Der Wächter bewegte sich seitwärts auf die Glocke zu. Ahiro wollte ihm den Weg versperren, doch er drängte ihn mit einem waagerecht geführten Axthieb zurück, den Ahiro ins Leere laufen ließ. Er nutzte die Lücke, um ihm vor die Brust zu treten. Der Parve geriet ins Wanken und ließ seine Waffe klirrend fallen. Diesen Moment der Schwäche nutzte Ahiro sofort aus. Er hob Ignatz zu einem vernichtenden Schlag an und ritzte ihm von oben herab den Brustkorb auf.
Er bemerkte die nächste Gefahr zwar, bevor sie eintrat, aber es war zu spät: Scheinbar hatte der andere Parve seinen Schwertstoß überlebt und war zur Alarmglocke gekrochen. Keuchend reckte er sich in die Höhe und betätigte den Seilzug. Ahiro hörte ein Klicken, welches gleich darauf vom Aufkeuchen des Parven, dem er die Waffe in den Rücken schlug, unterbrochen wurde. Dem mechanischen Laut folgte ein schrilles Ringen.

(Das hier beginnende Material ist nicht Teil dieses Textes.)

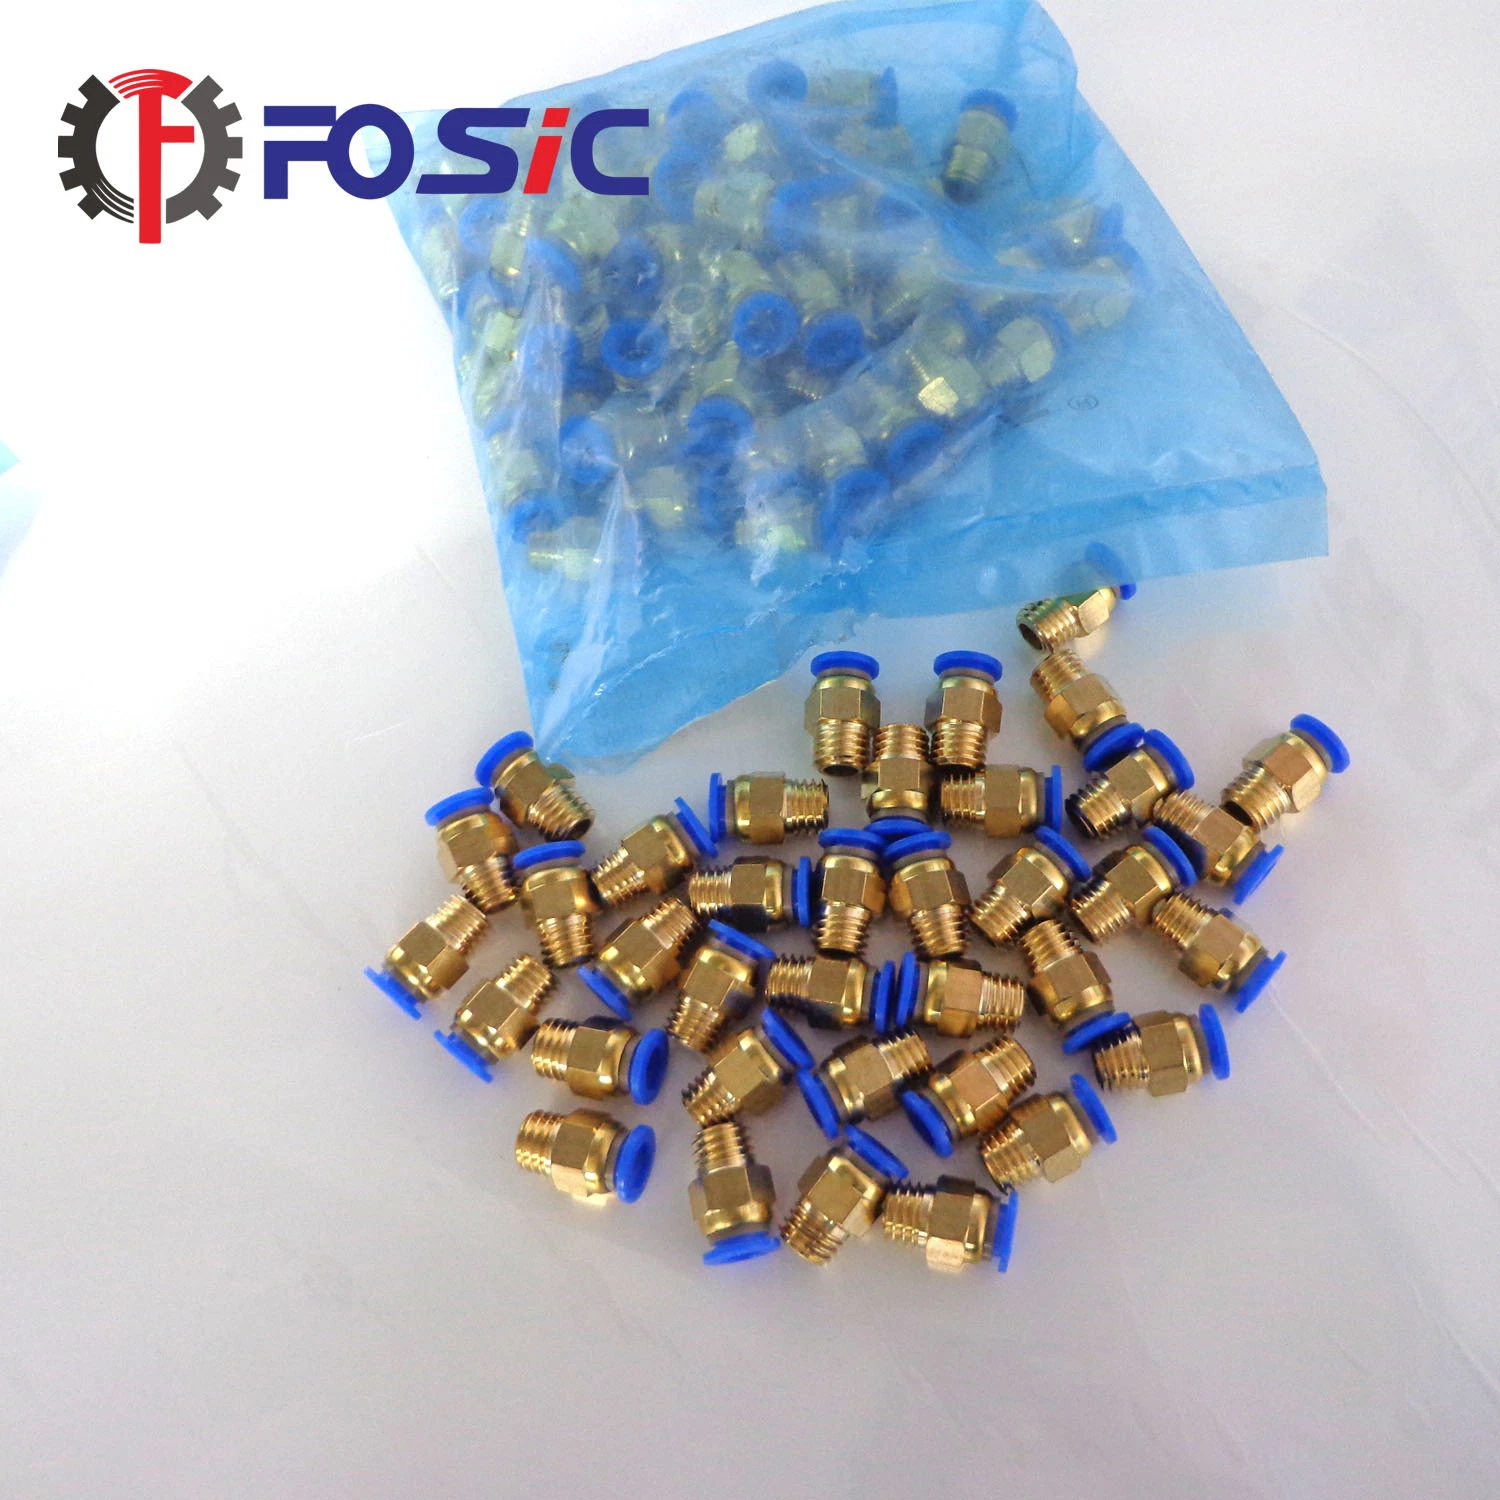 Durable in Use Copper Muffler Head Quick Pneumatic Muffler Noise Connector Tube Fitting

„Sehr gut gemacht Ahiro!", fluchte Ohrgott, aber dieser wischte seinen wütenden Kommentar mit einer lässigen Handbewegung beiseite.
„Woher sollte ich wissen, dass der Kerl mit einem Loch in der Brust noch weiter kriecht?"
Er griff das Schwert linkshändig, um seine malträtierte Waffenhand zu schonen. Der nächste, mit schweren Steinblöcken gemauerte Gang, lag dunkel und bedrohlich vor ihm, aber er kannte keine wirkliche Furcht. Höchstens einen Reiz daran seine Fähigkeiten zu erproben. Ein Verlangen, seine Rachebedürfnisse mit Blut zu stillen.
Mutig lief er hinein. Er hatte keine Zeit mehr zu warten, denn nun würden jeden Moment zusätzliche Wächter zu den bereits Anwesenden stoßen. Von seinem Weg zweigten beinahe alle vier Meter weitere nach links und rechts ab. Er warf jeweils nur einen flüchtigen Blick hinein, um sich zu vergewissern, dass aus diesen keine Armee von Parven hervorquellen würde. Ohrgott versicherte ihm alle paar Minuten, dass er auf dem richtigen Weg wäre, um seine wachsenden Zweifel zu beruhigen. Als sein Glaube, dass der Weg je ein Ende nehmen würde, immer mehr ins Wanken geriet, traf er auf das Ende des Gangs. Eine wuchtige Holztür versperrte ihm den Weg. Instinktiv spürte er, dass sich dahinter eine weitere Gefahr, welcher Art auch immer, befand. Er würde es darauf ankommen lassen müssen. Mit beiden Händen drückte er gegen die mächtigen Türflügel, die sich nur schwerlich bewegen ließen. Kaum war ein genügend großer Spalt offen, zwängte er sich hindurch.
Er bereute diese Entscheidung sofort.